Exactly my idea and that’s what I did, open a ticket via email with the following subject: Resource request - Tunnel Interface (VTI)
I explained my motivations. I hope that community demand changes Mikrotik’s stance on the feature.
One of the main reasons is with Cloud providers too, we cannot use, for example, BGP with them and other small reasons.
Our case is the same, solving it paleatively with Linux, in my case I use Strongswan. But I would love to see it directly on RouterOS, it takes away one more point from my infrastructure to monitor and manage.
Yes, they told me it is not planned.
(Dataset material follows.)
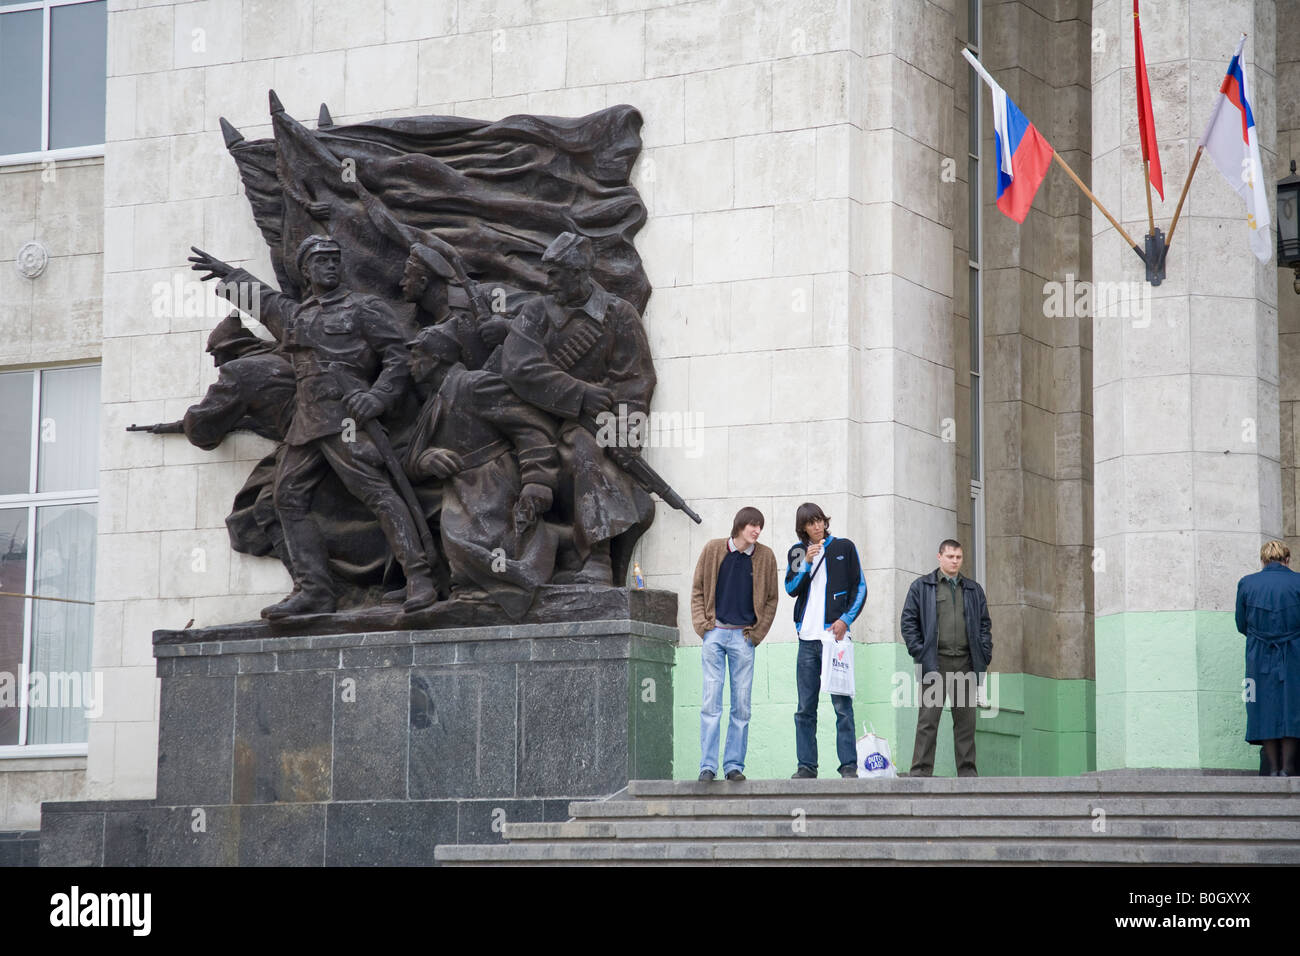 Relief bronze statue of Great Patriotic War on front on Volgograd Railway Station, Volgograd (formerly Stalingrad), - Stock Image

At the moment, there is no plan to add this functionality,., but we will see if it can be supported in the future.
That was in june 2024.
And that has been the status for at least 10 years now.
There is IMHO a good reason Mikrotik should reconsider priority of adding VTI interfaces.
When considering HA interlinks of various public cloud services with on-premise components it’s mandatory (mandated by cloud providers) that you use dynamic routing in a form of BGP and it implies using route based IPsec tunnels implemented most often as VTIs.
For example on AWS template config for Mikrotik uses scary 0.0.0.0/0<=>0.0.0.0/0 policy due to missing VTI and AWS in their own words describe this solution as “workaround”. And this workaround allows only one (1!) such connection per device. AWS re:Post’s Article about BGP and Mikrotik
Please note I do not endorse any vendor just showing the one I had the most experience with. I also had the same problems with Azure and GCP.
It’s crazy to me that MikroTik has had VTI as a feature request for over a decade without any kind of official stance being posted about it. Something as simple as “this is impossible due to architectural limitations of RouterOS” would be better than prolonged silence.
That said, I couldn’t tell you the last time I built an IPsec tunnel. It’s been at least five years, if not longer. I’ve long since stopped using any products or services that don’t support WireGuard.
IPSec is still usable enough if you ask me. However without VTI? Not so much.
With acceleration the CPU gets offloaded, leaving high throughput and not so much strain on the CPU.
So why ditch IPSec? I only use Wireguard for my site-to-site because….. yes, you guessed it: lack of VTI.
In many cases, WireGuard outperforms or at least matches IPsec in throughput and latency even without the benefit of the hardware optimizations that IPsec enjoys, simply because WireGuard is a more lightweight protocol. I also like that it's less easily detected vs IPsec, which you know is a tunnel as soon as you sniff traffic.
If it seems like I'm trying to dissuade you from using IPsec, I'm not. I say use whatever works best for your particular situation. I just find that for my own use cases, WireGuard checks all the boxes and I love how easy it is to set up. We're in agreement that VTI would be a welcome addition to RouterOS's bag of tricks though.
Sure, whatever makes your heart beat. Heavy user of Wireguard here too. Very much like the protocol.
Especially for RoadWarrior applications I just love it because of its non-chatty and stateless nature.
Like a lot of people here I hope for years VTI will be implemented. However given the years long wish I doubt Mikrotik will implement it. Seems like a matter of principle that they don’t.
It depends on your work field if that is an option.
As a hobbyist, sure you can do that. In an environment where you decide what everyone has to conform to, you can as well.
But when you operate in a “professional” environment where other people pull the strings, and e.g. decide to use Azure cloud, or Cisco and similar network equipment, you will be laughed away with your Wireguard requirement.
Please grant this feature request, it’s been long 10 years since this request and we can’t peer to the cloud without doing extra work, our stack has been change significantly but still being haunted by some MT gears deployed in various spots in our network and sick and tired of deploying additional resource just to make this happen, I’m loosing hope honestly but I can’t sigh…
I would like to note that only yesterday, within a support ticket opened with MikroTik, I was informed about plans to implement VTI IPsec. As confirmation, I am attaching a screenshot of the communication with support.